[What is expected]: Return the following from the records below: each line, word for word, starting with the line that contains "Allium moly" and going on through the line that contains "Ab Januar der", with nothing outside that range.

[Data in this exercise]:
◇ ◇ ◇ ◇ ◇

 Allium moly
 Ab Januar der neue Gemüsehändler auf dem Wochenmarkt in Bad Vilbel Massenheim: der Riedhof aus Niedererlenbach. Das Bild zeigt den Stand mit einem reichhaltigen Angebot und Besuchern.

◇ ◇ ◇ ◇ ◇

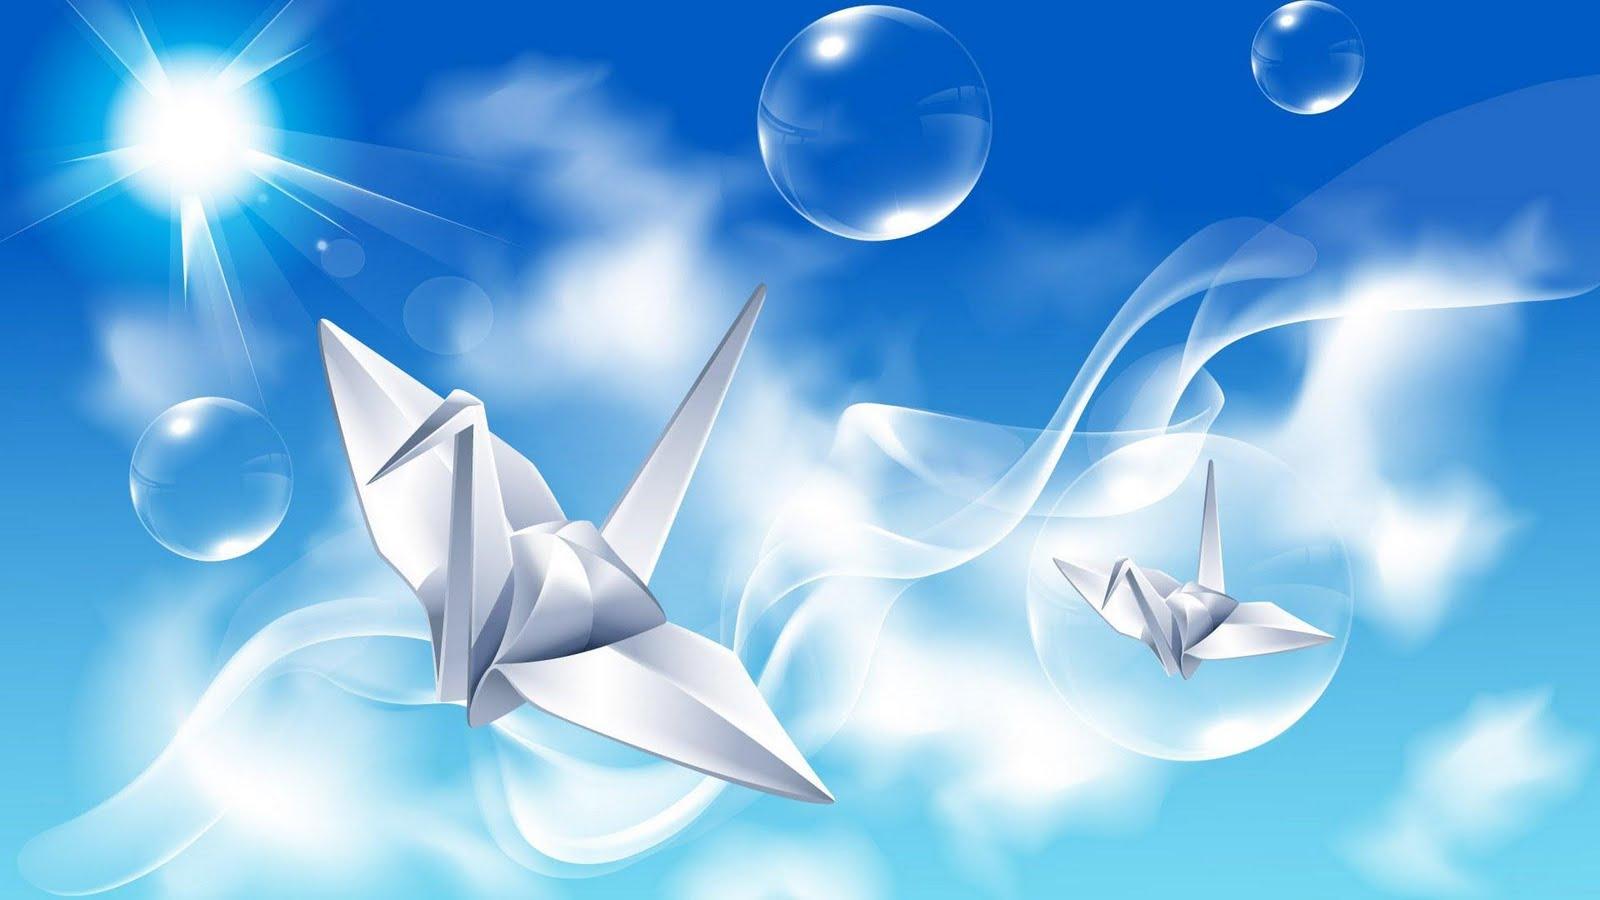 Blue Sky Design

◇ ◇ ◇ ◇ ◇

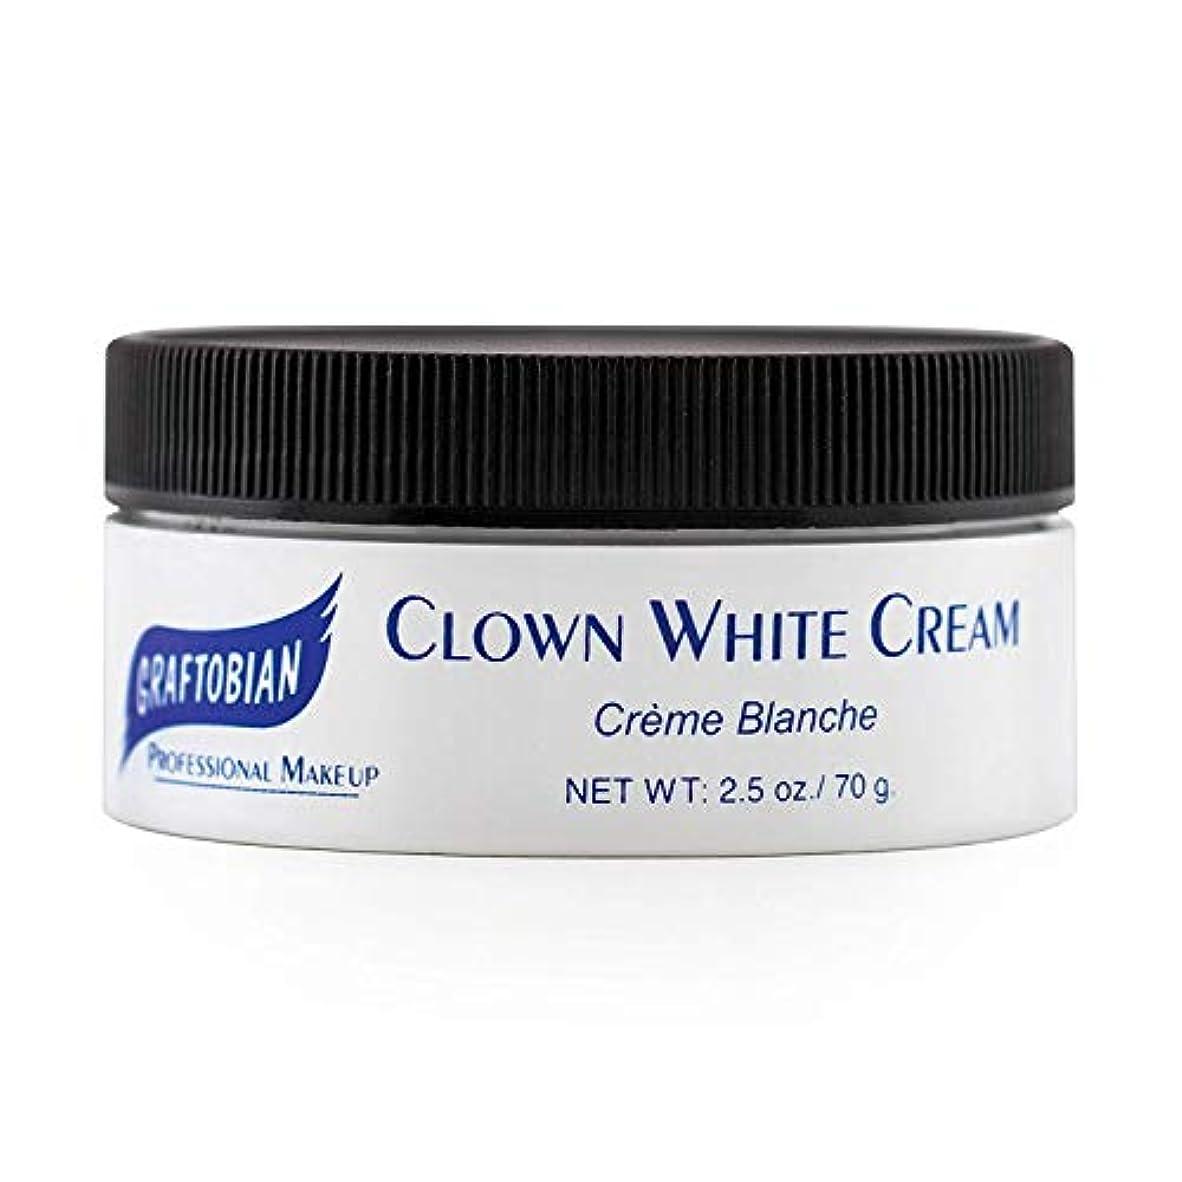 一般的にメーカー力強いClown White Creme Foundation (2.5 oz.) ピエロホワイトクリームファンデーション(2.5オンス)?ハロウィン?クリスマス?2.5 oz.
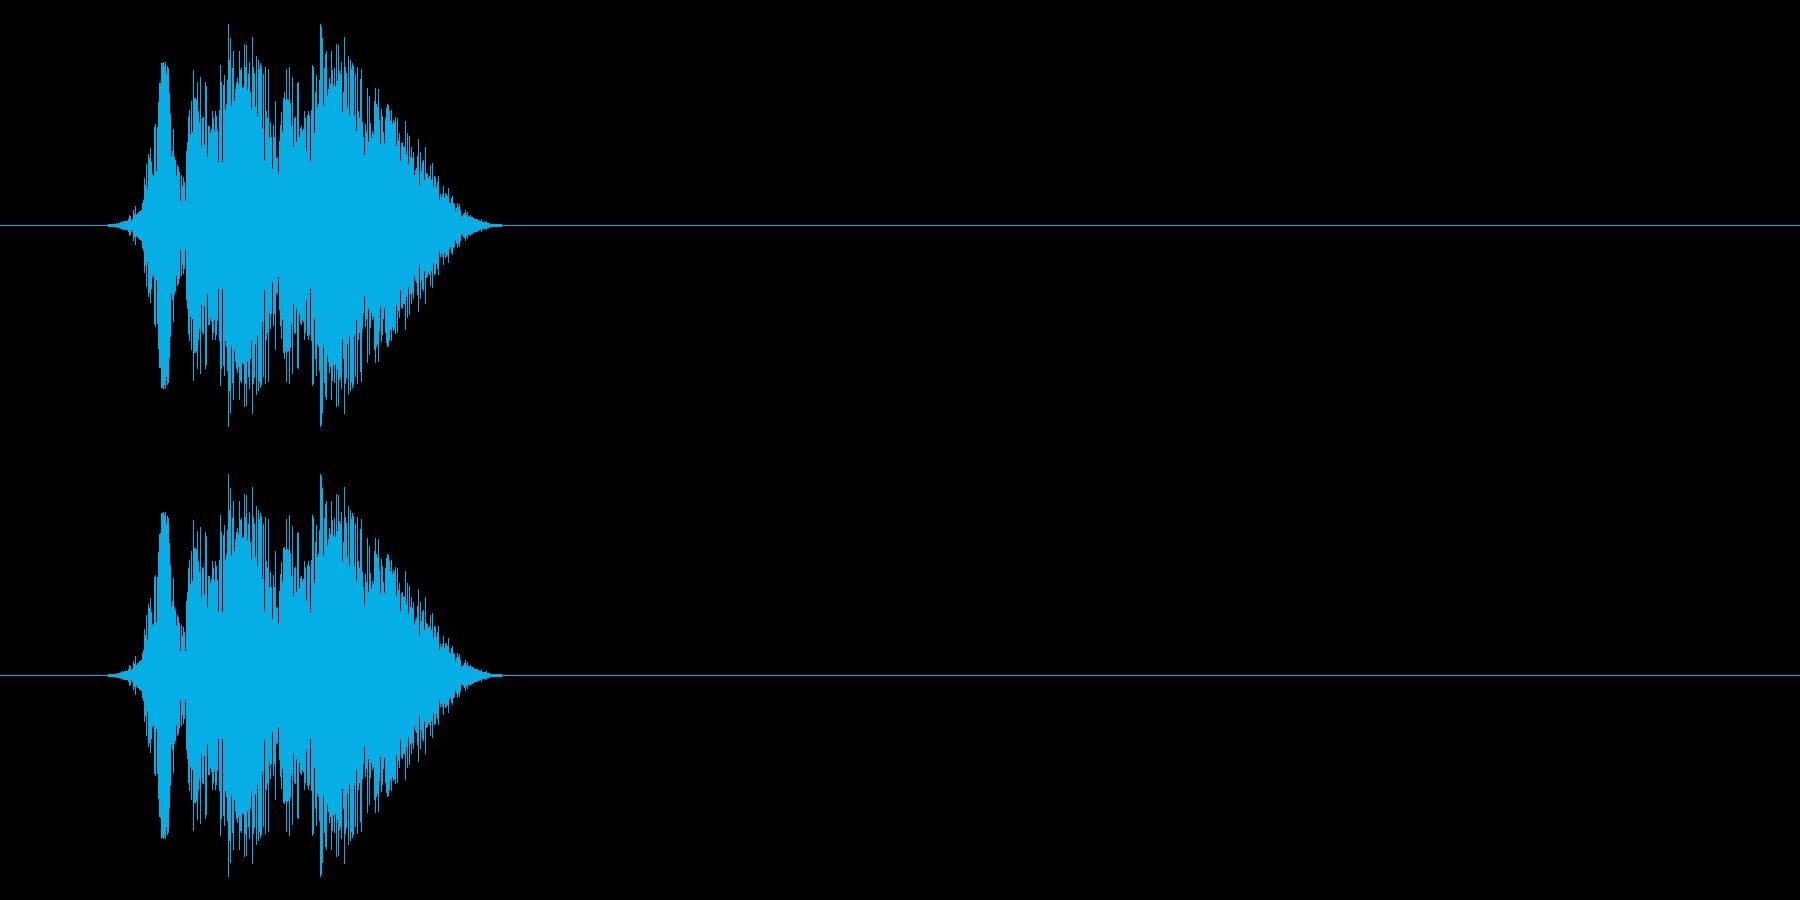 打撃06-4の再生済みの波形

◇ ◇ ◇ ◇ ◇

[Answer below]:
 Allium moly
 Ab Januar der neue Gemüsehändler auf dem Wochenmarkt in Bad Vilbel Massenheim: der Riedhof aus Niedererlenbach. Das Bild zeigt den Stand mit einem reichhaltigen Angebot und Besuchern.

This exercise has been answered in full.